# 2001 jetta vr6 ignition coil problems?



## KilroyVR6 (Sep 26, 2010)

I just bought a 2001 Jetta VR6 with 69,000 miles on it. Not bad for a 2001 right? Well the very first day i got the car, of course i put quite a few miles on it. The check engine light comes on later that night, followed by the abs. Thats besides the point, those problems were fixed free of charge. Then i get my car back for about 3 days. I stop at a stop sign and my car completely died. The battery did not die. The car still cranked. It took like 10 mins of waiting before the car would start again. Then I drove a little bit and it died again. Same process happened, finally made it home. I didn't start it till the next day when i drove it back to the shop. They said i had a bad ignition coil, so they replaced the part. I get the car back and it does the same exact thing, new coil pack and all. I'm trying to figure out what be going on. I was putting regular unleaded fuel in this car because i wasn't aware that i should be putting mid-premium gas in it.

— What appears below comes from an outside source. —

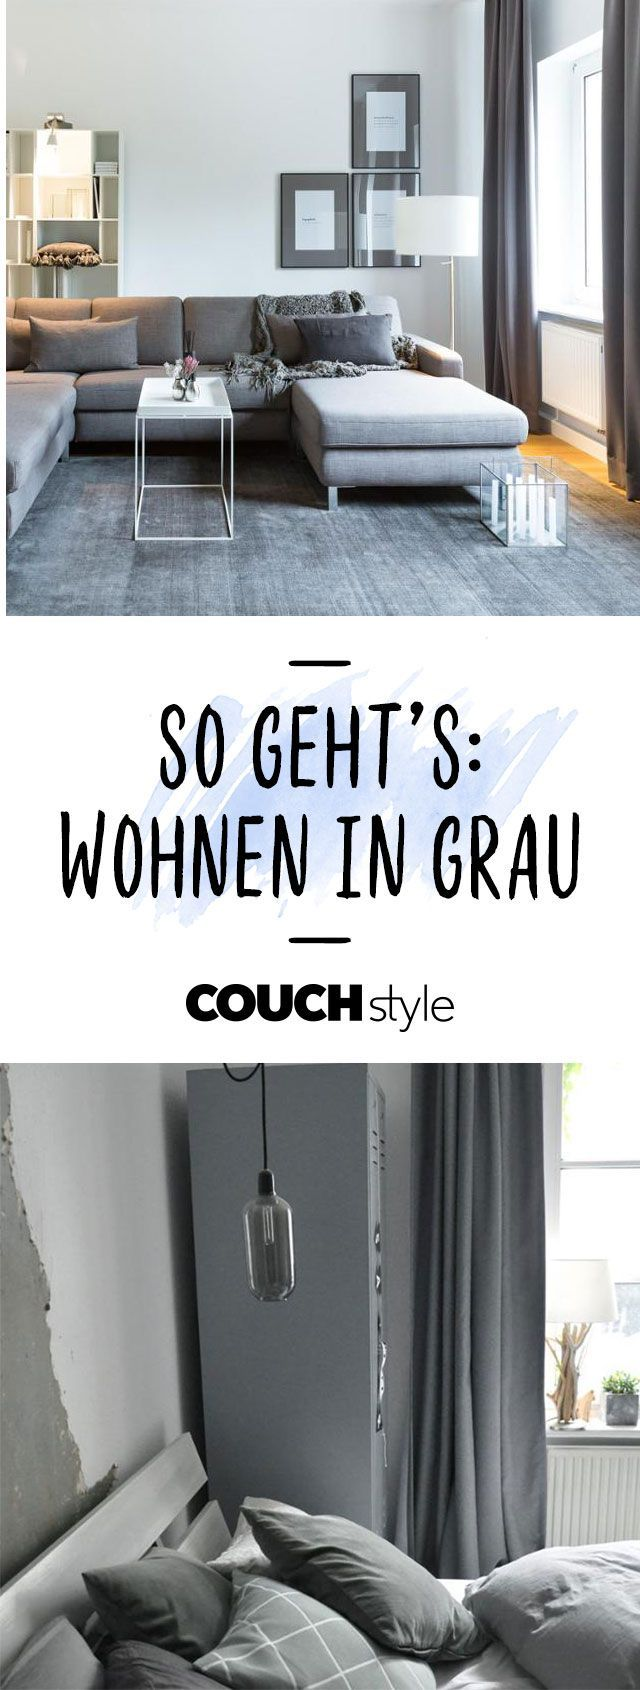 Grau Bilder Ideen In 2019 Farbgestaltung Couch Grau Teppich
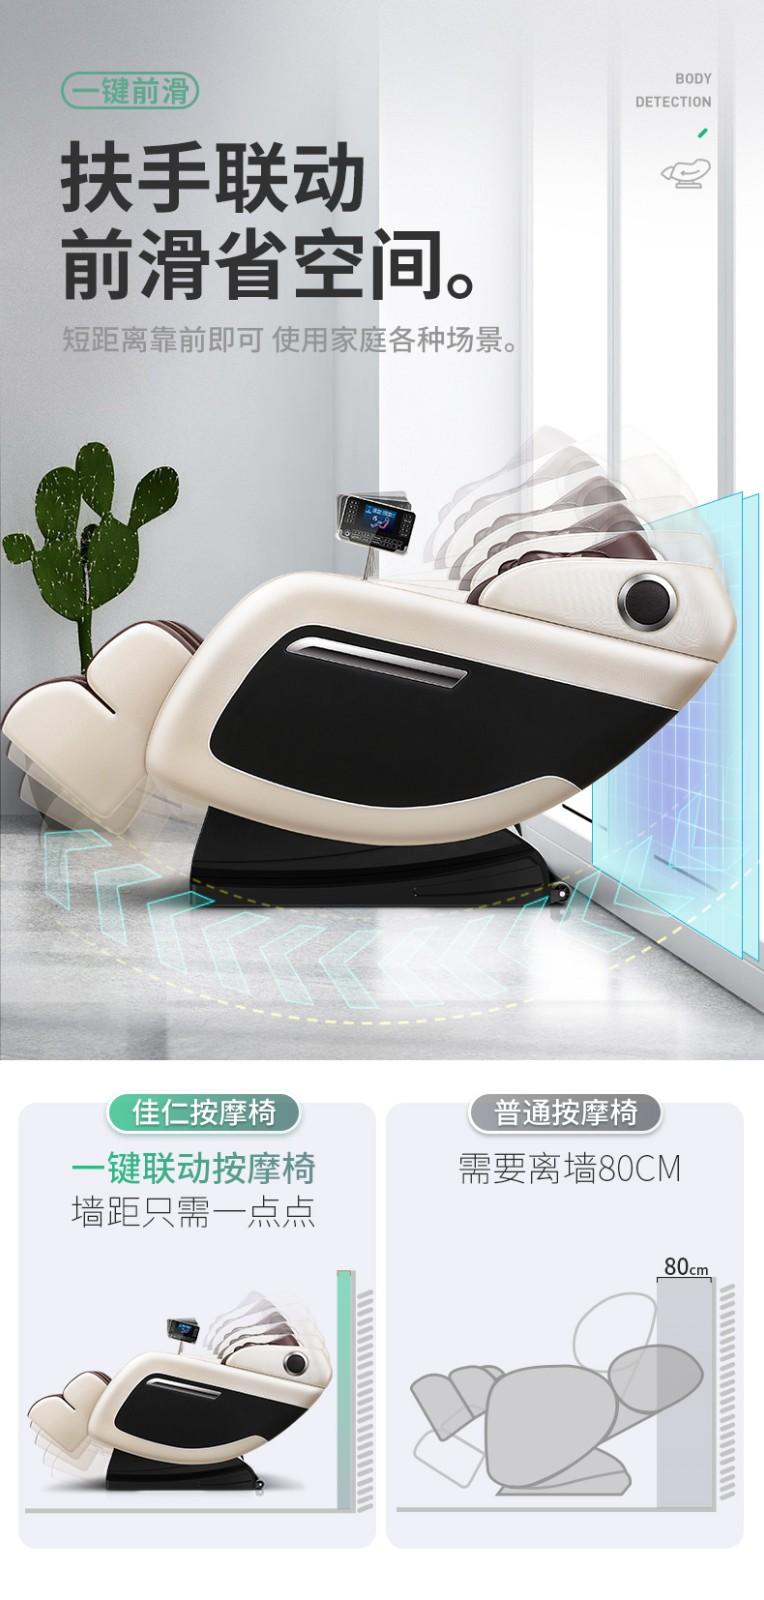 JARE 佳仁 JR-M9系列 按摩椅

That couldn't of caused this problem could it? They said it would make it run a little rough but it shouldn't die. I'm just very concerned cause i JUST bought this car after having horrible luck with my last. Which was a ford... never again!


----------



## DUBBLE_D's (Apr 26, 2010)

i had the exact same problems and I thought it was the coil pack so i changed it then after the car being in the shop for a while the guy said it was the throttle body..he replaced the throttle sensor then redownloaded it into the computer and it ran fine again...idk if that just made sense lol


----------



## GTINC (Jan 28, 2005)

With either a coil issue or a MAF issue, you should be getting a CEL. Not sure I would trust your shop's skill at this point.


----------



## TJH (Sep 7, 2011)

thanks, and ya that does make sense. how much did it cost to have the throttle body sensor replaced/fixed?


----------